Michael J. Flynn in his Flynn taxonomy classified parallel computer architectures into four based on the number of instructions and data they can handle at time [1]. The main focus here is on two architectures which are as follows:

- Single Instruction Multiple Data(SIMD)
- Multiple Instruction Multiple Data(MIMD)

## II. Single Instruction Multiple Data

Single Instruction Multiple Data (SIMD) is a parallel architecture which carries out a single action on multiple sets of data. Here, multiple processors work on several data items from a particular instruction set simultaneously using various processing elements. Machines with SIMD architecture are targeted toward applications that implement data level parallelism.

The processing units of SIMD processors arean array of fined-grained that is connected in a network topology. The processor array is connected to a control protocol responsible for fetching and interpreting instructions.

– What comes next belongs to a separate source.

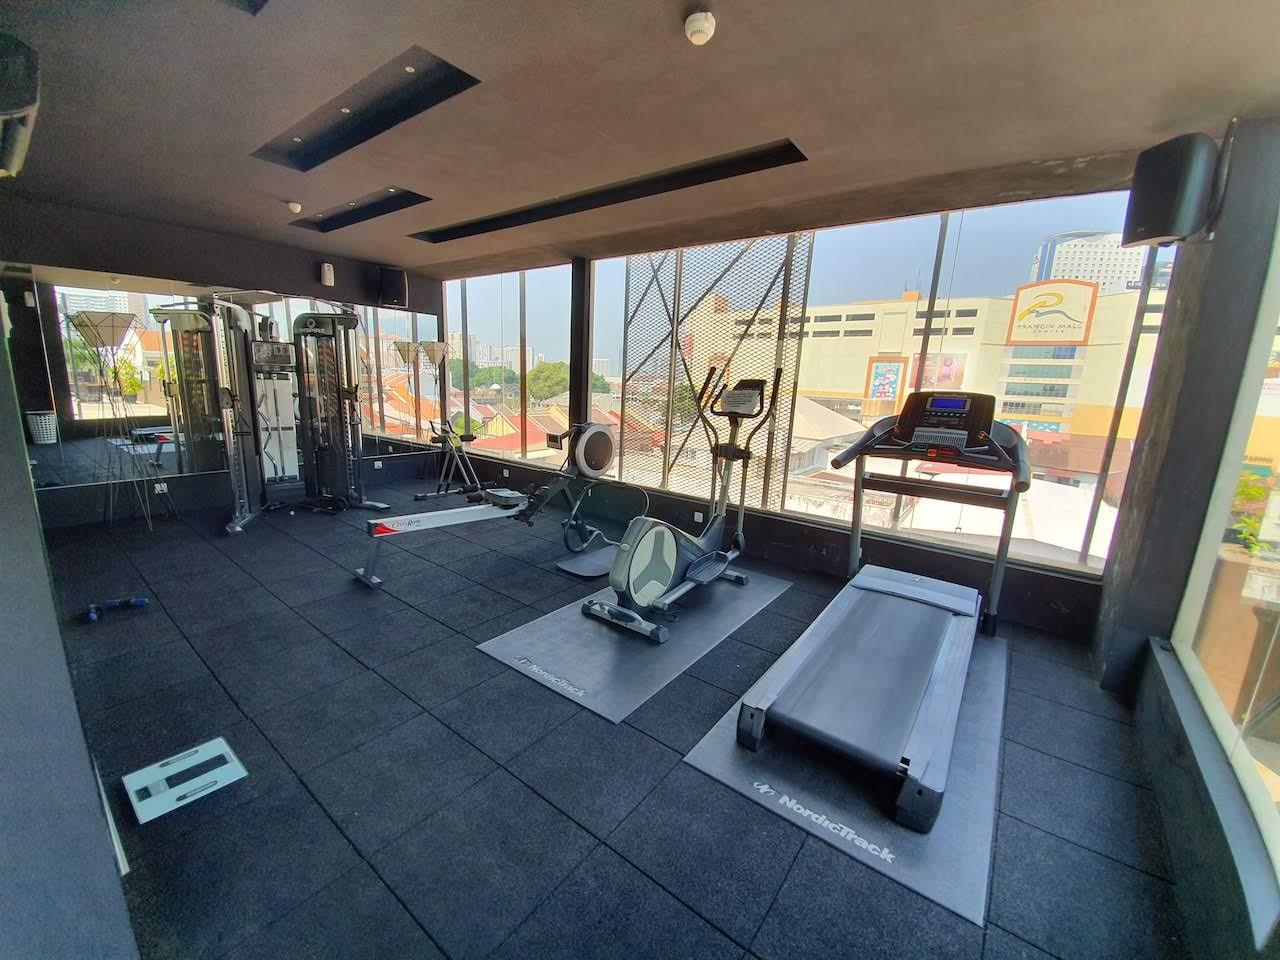 A free gym

Examples of architectures that implements SIMD architecture are Graphics Processing Units GPU, Database searches and genetic sequence matching. The major architecture of focus here is the Intel Iris graphics processor which is a type of Graphics Processing Unit.

## A. Intel Iris Graphics

Intel Iris Graphics processing unit is created by Intel Corporation. It is mostly used in new versions of Intel processors like the Intel core i5 and on some low power form factor like Intel Core M processor [14].

Intel Iris execution unit combines simultaneous multithreading with fine-grained interleaved multithreading [14].These components support multiple SIMD and ALU pipelined across multiple threads which increases throughput when computing floating points and integer. Due to the threaded nature of the execution unit, instructions are always available to execute, also the latency of operations which take longer to execute is hidden [14]. Depending on the software workload, the threads within the Execution Unit are either executing codes from different compute kernel or from the same compute kernel.Every cycle, the Execution Unit thread can issue as much as four different instructions; these instructions are selected from four different threads.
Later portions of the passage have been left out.